Platform Medsos Ikut Tanggung Jawab
Sejumlah platform medsos menyatakan, mereka tidak mengizinkan konten yang bisa membahayakan kaum muda. Konten yang tak diizinkan itu, menurut Standar Komunitas Facebook, misalnya kekerasan dan hasutan, mendukung tindakan kriminal, bunuh diri, eksploitasi seksual dan ketelanjangan anak, perundungan siber, serta ajakan seksual.
Dessy Sukendar, Policy Programs Manager Meta Indonesia, menyebut bahwa Meta—yang membawahi Facebook dan Instagram—memiliki sekitar 30 alat untuk mendukung keamanan anak-anak dan remaja, misalnya fitur blokir (restrict) akun di Instagram jika AI Meta menemukan akun mencurigakan.

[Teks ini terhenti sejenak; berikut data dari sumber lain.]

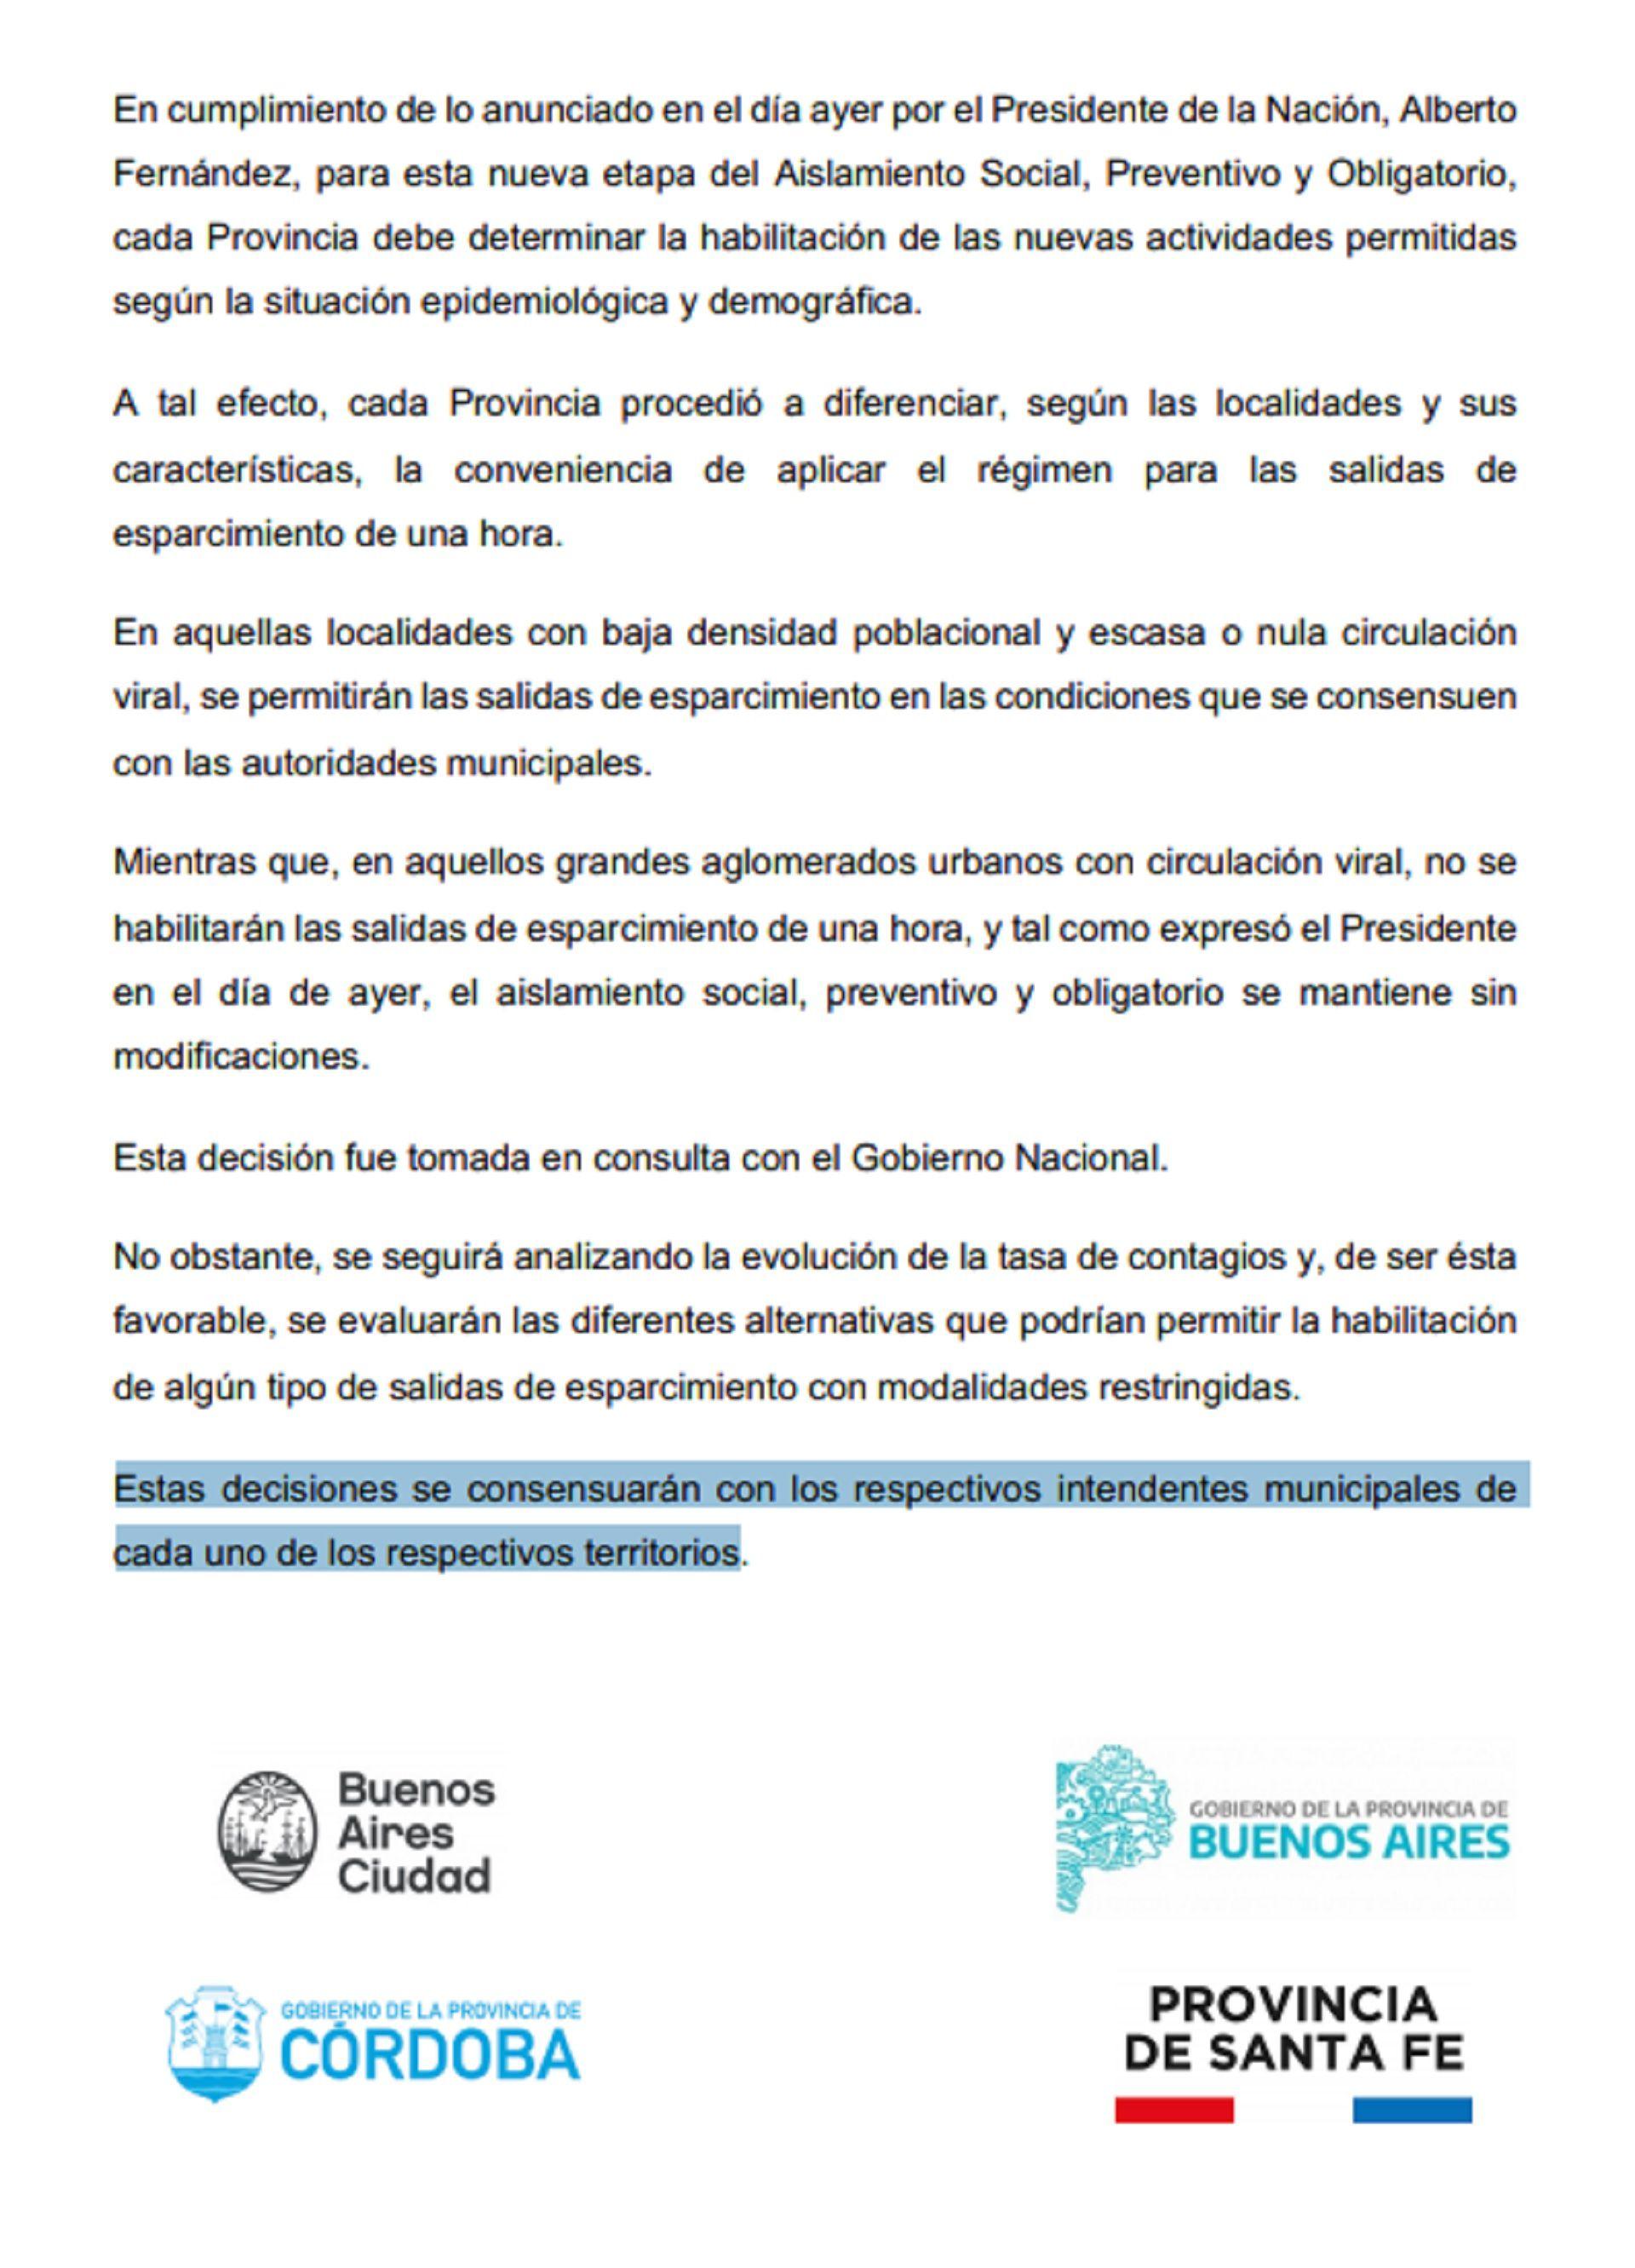 El comunicado conjunto de los gobiernos de CABA, Buenos Aires, Córdoba y Santa Fe

Alat tersebut bisa melakukan crawling pada konten-konten berbahaya.
“Ada tim ahli yang aktif menemukan konten tersebut. Jadi selain AI, ada manusia di belakangnya,” kata Dessy. Menurutnya, tim ini berjaga 24 jam untuk melakukan tugasnya.
Mulai 2022, Instagram juga memperkenalkan fitur Pengawasan Orang Tua. Dengan fitur ini, orang tua bisa melihat aktivitas dan membatasi screen time media sosial anak.
Sementara YouTube kini menyediakan YouTube Kids sebagai kanal khusus anak yang relatif lebih aman bagi anak. Tentu saja, tak ada jaminan anak tak bisa mengakses YouTube reguler bila tak diawasi orang tua.
“Satu hal yang pasti: tetap perlu peran orang tua untuk mendampingi anak,” kata Ciput Eka Purwianti, Asisten Deputi Perlindungan Khusus Anak dari Kekerasan di Kementerian Pemberdayaan Perempuan dan Perlindungan Anak.
Menurutnya, satu platform medsos yang belum berhasil diadvokasi KemenPPPA dan KPAI adalah Twitter. Hingga kini, konten pornografi masih dapat diakses oleh pengguna mana pun di aplikasi berlogo burung biru itu.
Dalam liputan khusus kumparan edisi 21 Oktober 2021, “Bisnis Bokep di Media Sosial”, seorang perempuan korban revenge porn bercerita bahwa Twitter menjadi tempat video cabulnya tersebar usai diposting mantan pacarnya sendiri.
“Kalau dia (platform medsos) ada di Indonesia, dia harus berkomitmen mengikuti regulasi yang ada di Indonesia. Okelah di Amerika misalnya soal pornografi longgar, tapi di Indonesia ada UU-nya,” tegas Komisioner KPAI Margaret.